“If you Need a Witness to Your Success, Be Your Own.”

It is no secret that one of the best ways to notice improvements in a gym setting is to track your performance or progress. Normally, we would do this by performing some sort of field test. A field test may be a timed run, a rep max test, a step-up test, a push-up test, or a vertical jump test. During this time, we find ourselves in a scenario where performing a field test becomes difficult for both the test taker and the test monitor. Because of this, we have to look for ways to self-monitor.

Self-monitoring is a daily or weekly task that we can perform to track progress, overall performance, and recovery. Ideally, we would choose a task that can monitor all three. For example, to track the progress of lower body strength we might choose a bodyweight squat. In order to make this movement work for the other two tiers, we would have to add some sort of a time element.

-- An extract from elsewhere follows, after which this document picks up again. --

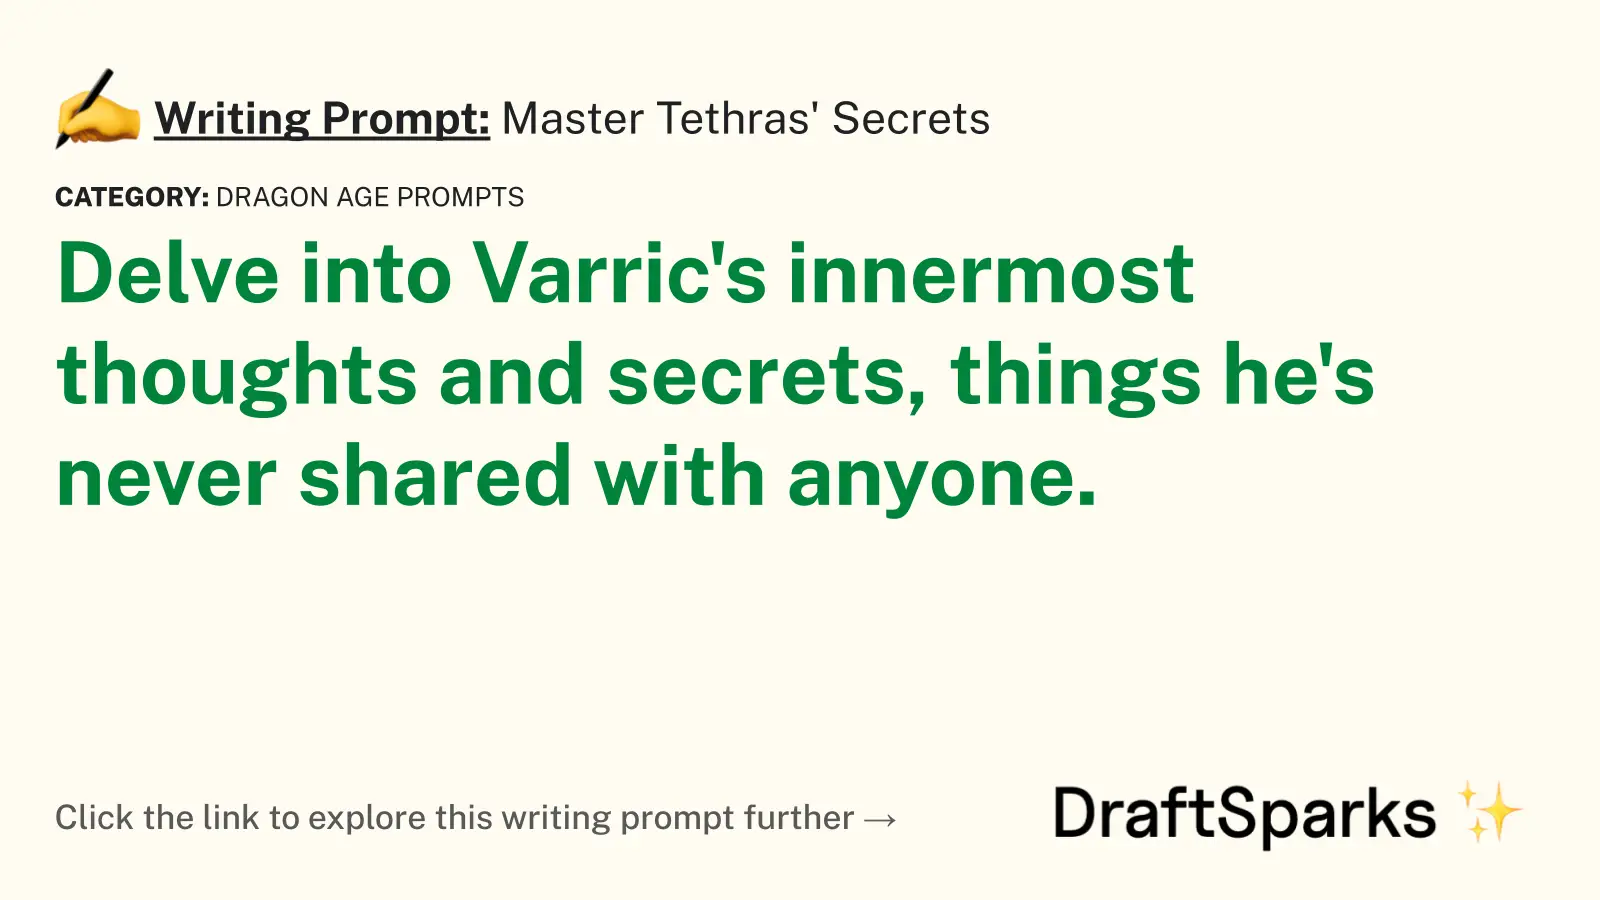 Master Tethras’ Secrets

Monitoring Task/Test: Bodyweight Squats
Time: 60 seconds
Reps Completed:
Overall Difficulty (1-10)

If we take a look at this example, it has a rep element, a time element, a difficulty element, and a set task. The rep element will help us to track our progress and overall performance, If we increase the reps done in a minute, that is both progress and an increase in overall performance. If we complete fewer reps, it may be a sign that we are tired or a little over-trained. The time element ensures that we are performing the same task for the same amount of time so that our results can be easily compared day to day or week to week. The overall difficulty element will let us know about our recovery. If the overall difficulty of the task becomes too high (8+), we may want to think about lowering the intensity of our sessions/workouts. If we pair the difficulty element with the reps completed element, we can get an assessment of our performance and recovery. Typically, as performance dips, so does (or so has) recovery.

Improvements can be hard to come by at times, but they can become even harder to come by if we are not monitoring ourselves correctly and regularly. However, if we take a few minutes out of our day to “check-in” with ourselves, we begin to learn more about how to take care of ourselves physically. By doing this, we can accurately track our overall performance and progress while (hopefully) warding off over-training, lack of recovery, dips in performance, and stalls in progress/improvements.